In 2018, Ficken said his mother died and he left state to handle her affairs.

While he was gone, Ficken said he asked a friend to cut his grass, but when he returned home, he found the lawn had not been cut.

“I went over to see why Dave didn’t cut it and well, he died,” said Ficken.

He didn’t know it at the time, but Dunedin’s code enforcement office had noticed the high grass and started issuing him fines of $500 per day.

Ficken says they never notified him and the fines piled up to $28,000.

Ficken called the Institute for Justice and they took up the case.

“At IJ, we are generally aware that Florida is one of the worst places in America when it comes to code enforcement,” said attorney Ari Bargil.

The city said Ficken is a repeat offender. Bargil disagrees.

“The reality is, this is the very first time he was ever fined for anything and the city went completely nuclear. They went after him for $500 a day in fines for uncut grass,” said Bargil.

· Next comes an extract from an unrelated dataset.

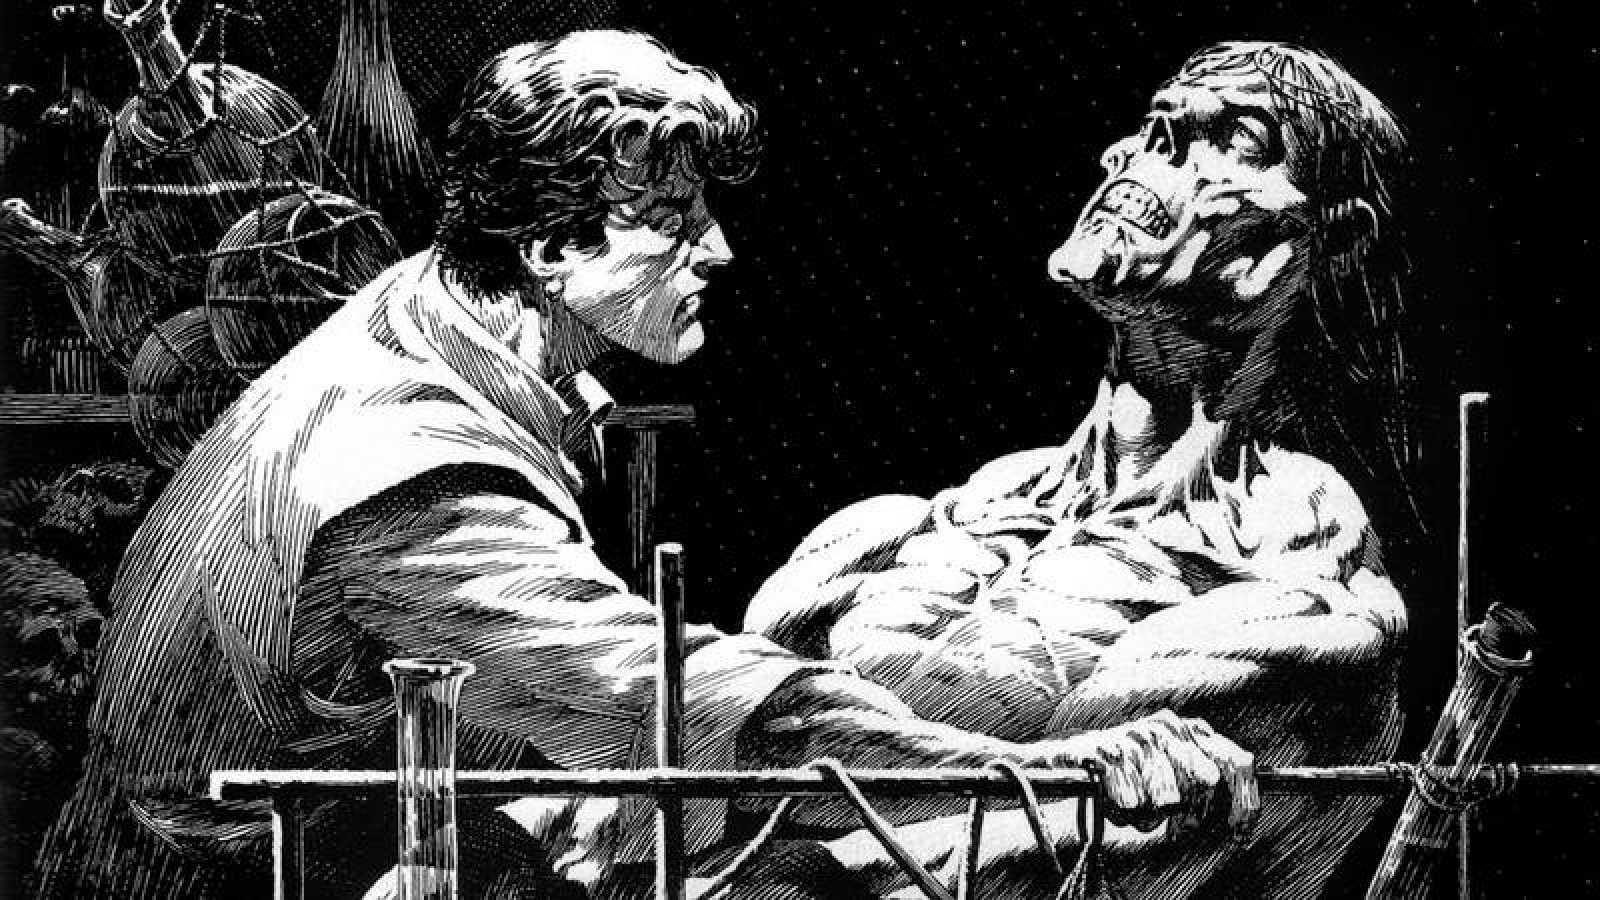 Fragmento de una ilustración de Wrightson par 'Frankenstein'
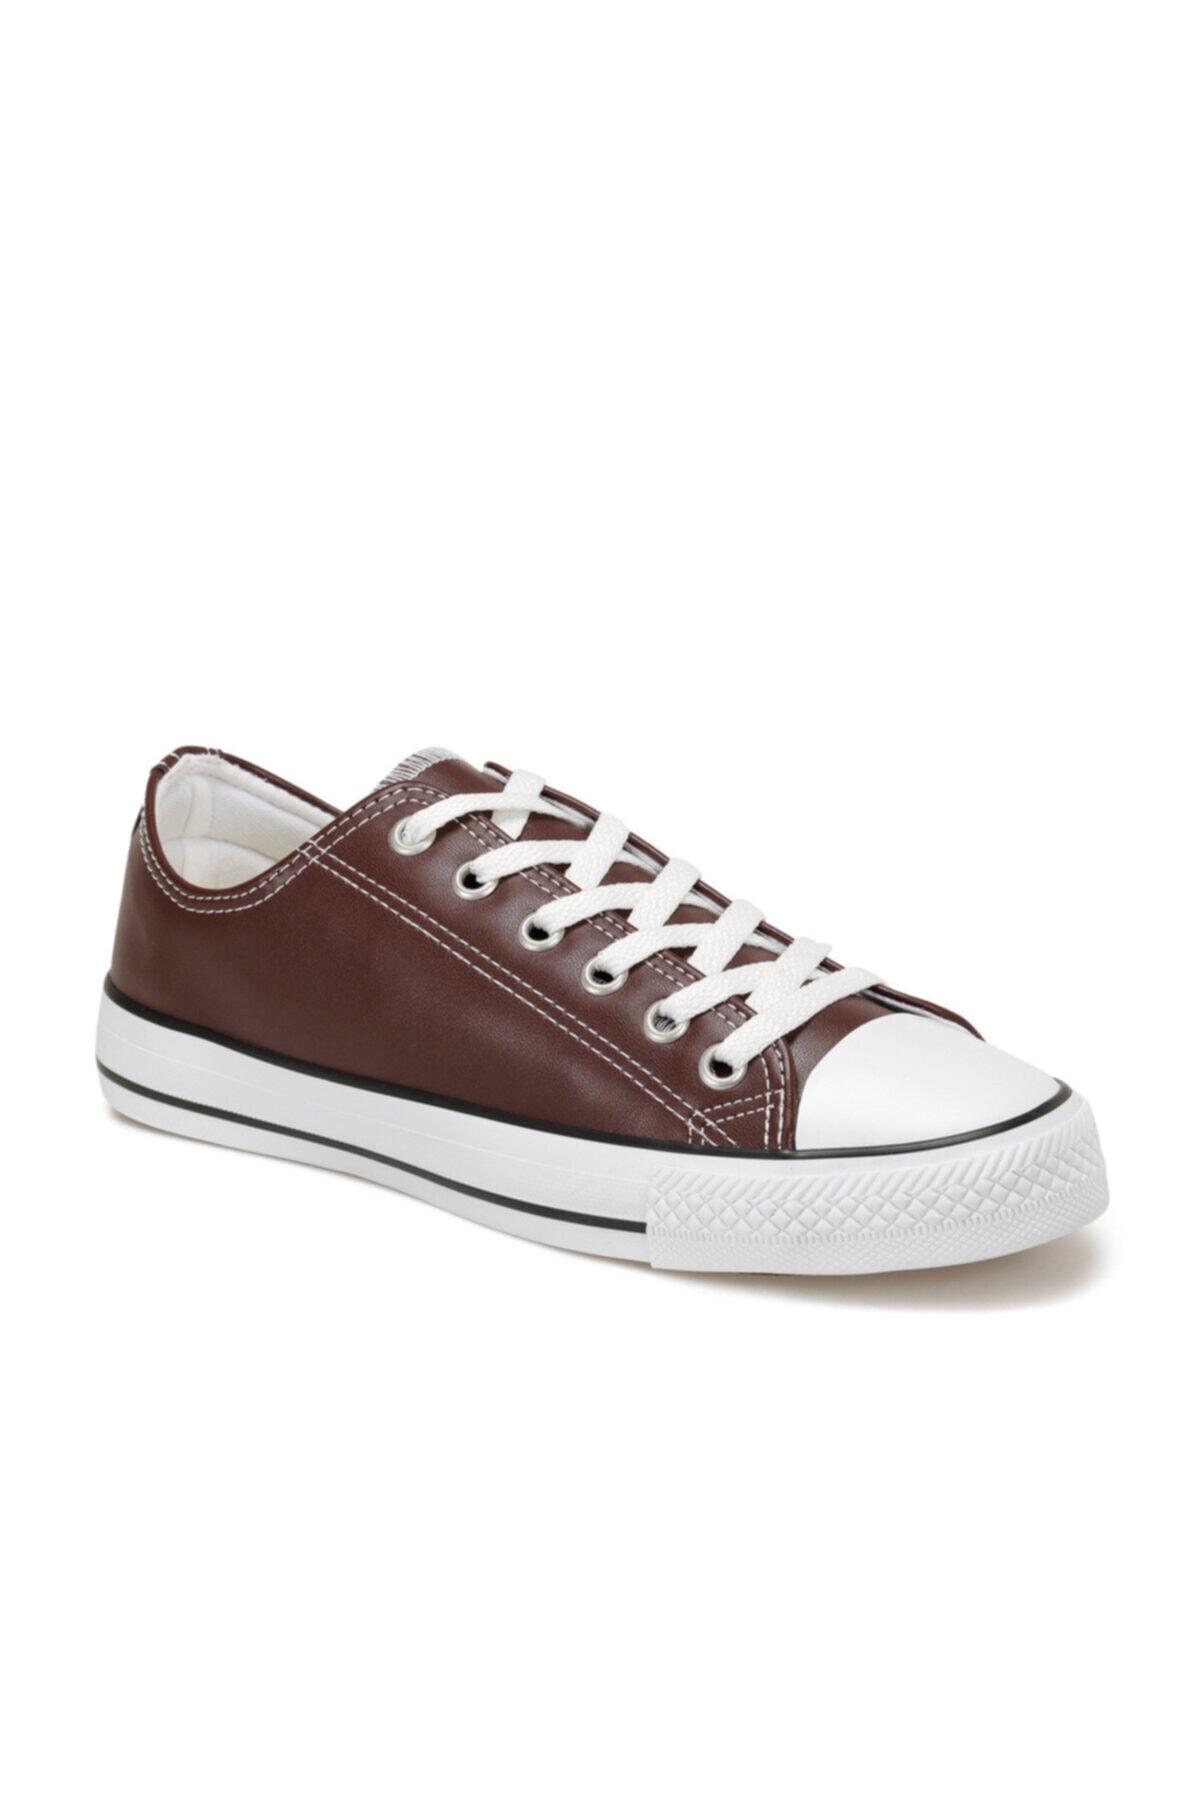 FORESTER EC-2001 Bordo Erkek Kalın Tabanlı Sneaker 100669571 1

They lost the case in federal court.

In a statement, the city of Dunedin maintains they did nothing wrong.

“The city of Dunedin is committed to protecting the health and safety of our citizens, and public and private investments in the community through fair and equitable policies consistent with the applicable law. While the city has prevailed in this case, the city has undertaken a thorough and careful analysis and review of its code enforcement policies and procedures. The current policies reflect modifications emphasizing compliance over enforcement.”

Ari Bargil says the city used it’s code enforcement office as a stream of revenue.

“The city’s revenue from code enforcement has been increasing exponentially over the last decade and it’s because of cases like this where people are fined almost into destitution for trivial violations,” said Bargil, who plans to appeal the ruling.